This is an image of Alfred Roller’s poster (1902) from the Gustav Mahler Exhibition – Vienna Secession.*
Austrian painter, graphic and set designer, Alfred Roller was born on 2nd October 1864, in Brünn, Mähren. Roller attended the Academy of Fine Arts in Vienna.
- He co-founded the Viennese Secession with Koloman Moser, Joseph Maria Olbrich, Josef Hoffmann, Gustav Klimt, and various others (1897).
- Two years later he became the Professor of Drawing at the University of Applied Arts, (Kunstgewerbeschule) in Vienna (1899); and President of the Secession (1902).
- He designed numerous covers and vignettes for the pages of the Secessionist periodical Ver Sacrum, as well as posters for the 4th, 14th and 16th Secession Exhibitions and the designing of the layout of the exhibitions.
- It was also in 1902, that Roller was introduced to the composer Gustav Mahler, who decided to employ Roller to design the sets for a new production.
- After this initial success, Roller continued to design sets for Mahler’s productions for many years.
- Eventually Roller left the Secession and his teaching post at the Kunstgewerbeschule to be appointed Chief Stage Designer to the Vienna State Opera – a position he held until 1909.
Alfred Roller died in Vienna on the 21st June, 1935.
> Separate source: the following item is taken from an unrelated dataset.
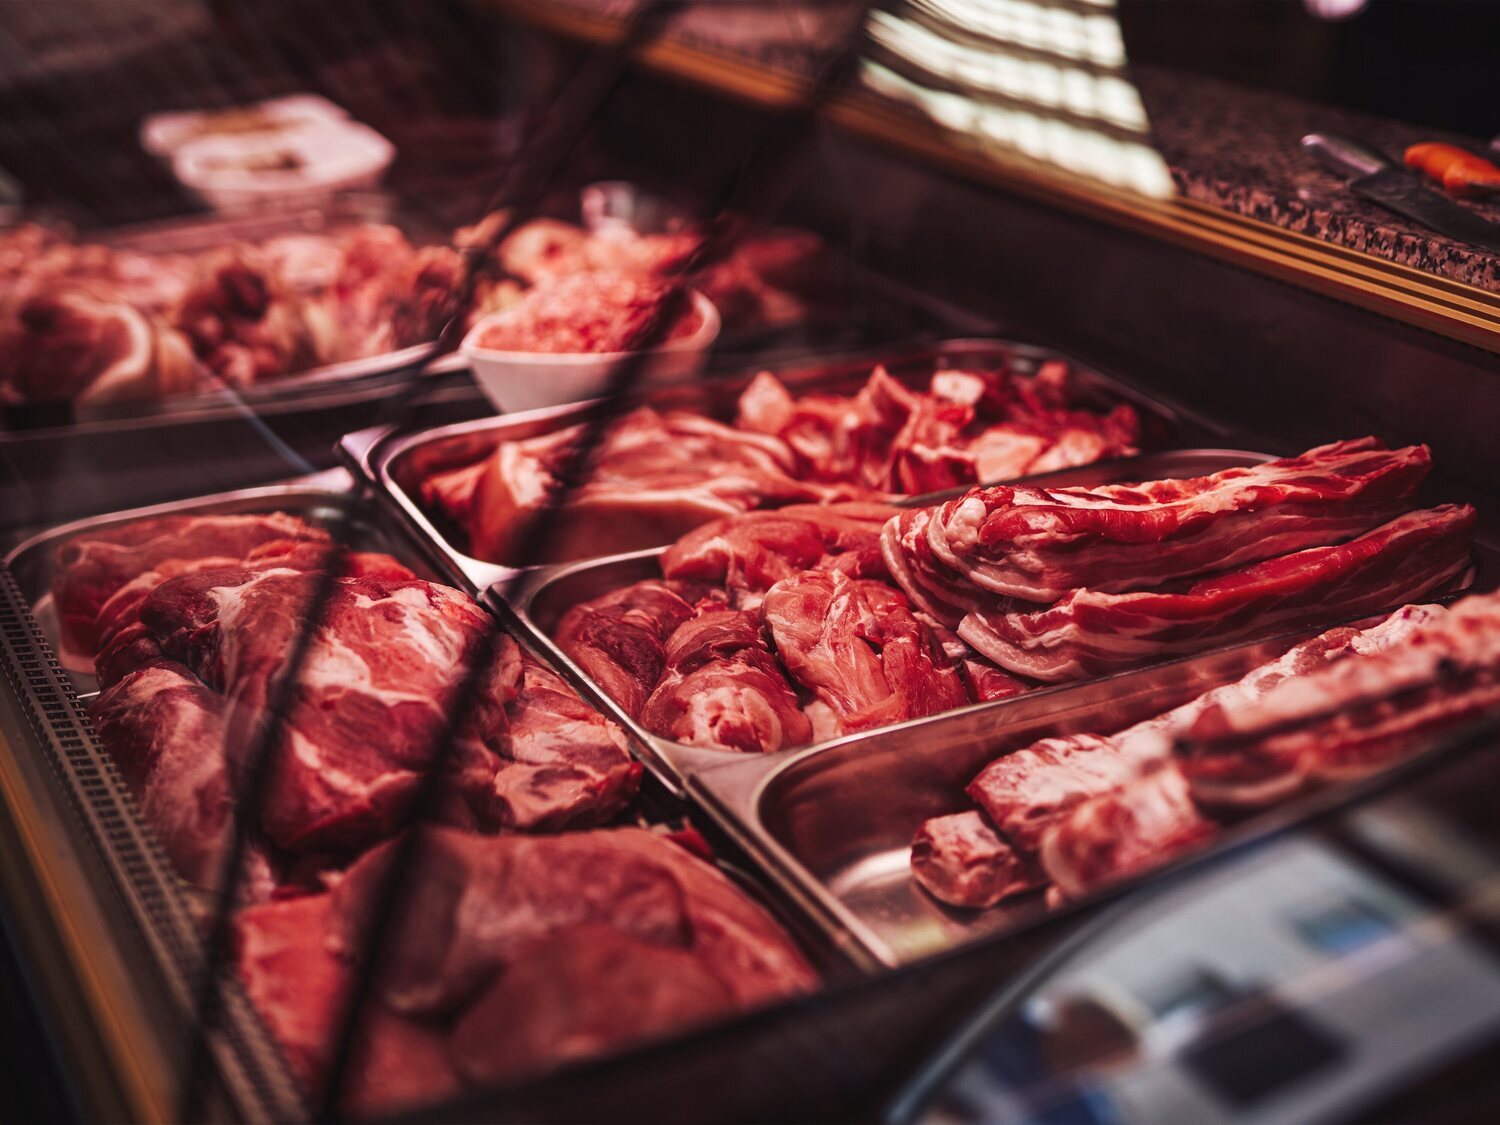 Los supermercados con menor frecuencia de venta en carnicería, según la OCU
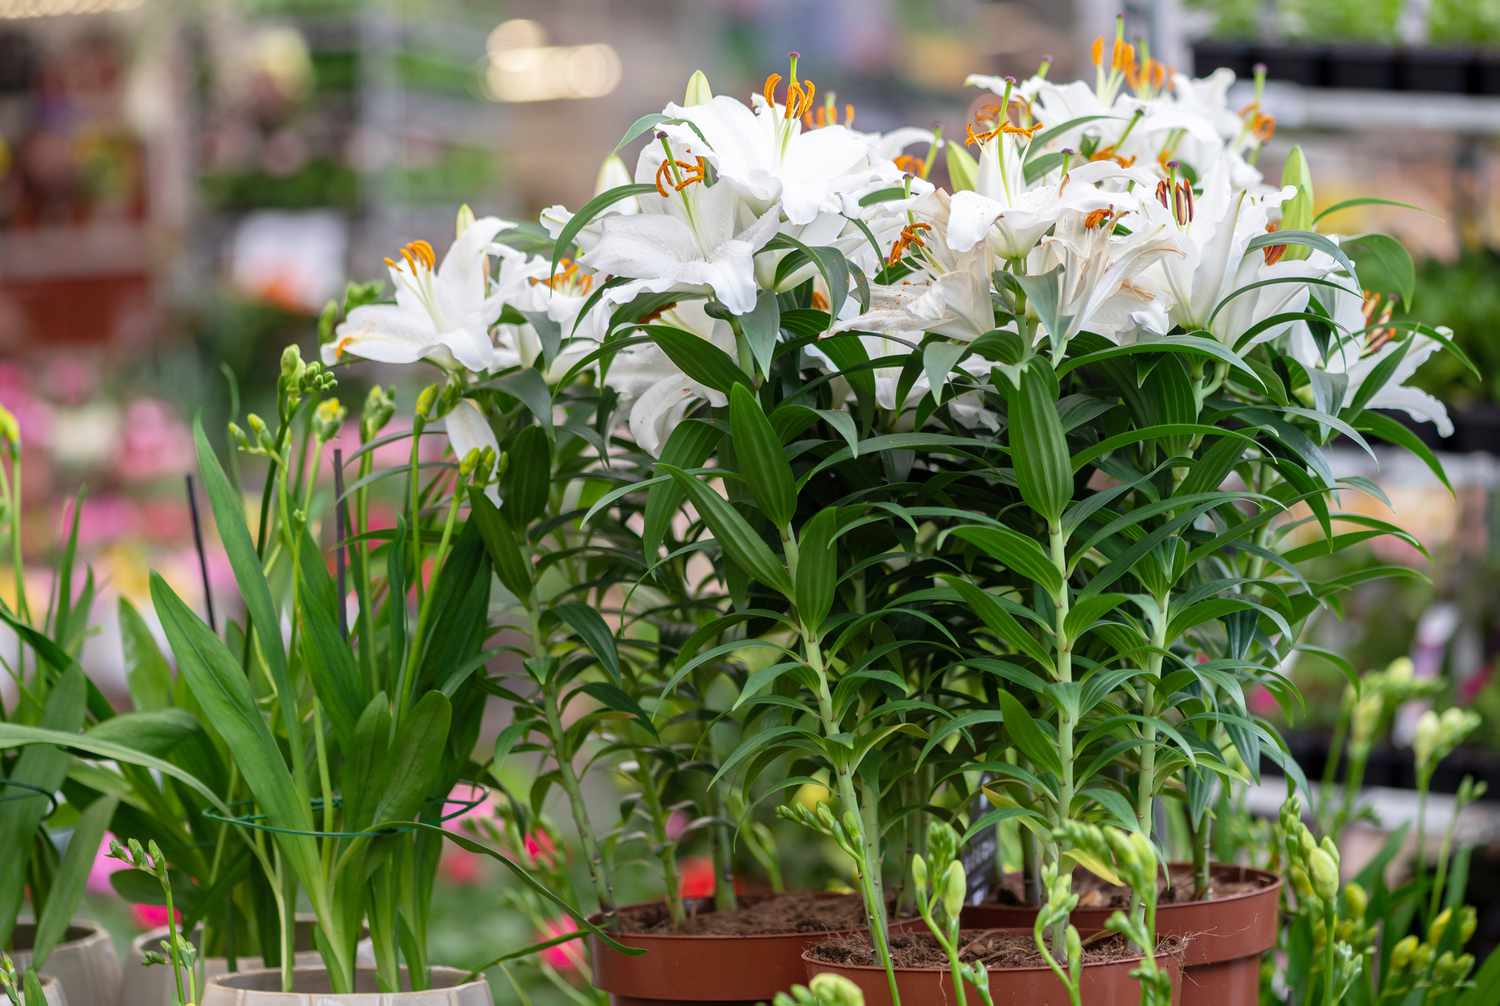 Lirios Casa Blanca en maceta con grandes flores blancas sobre tallos altos

*The Vienna Secession was the name given to a group of artists, architects and designers that broke away from the main establishment of Viennese artists to form their own group in 1897. Its radical period was brief. It was not characterized by any particular style, but it was linked closely with Jugendstil (youth style), a German adaptation of Art Nouveau.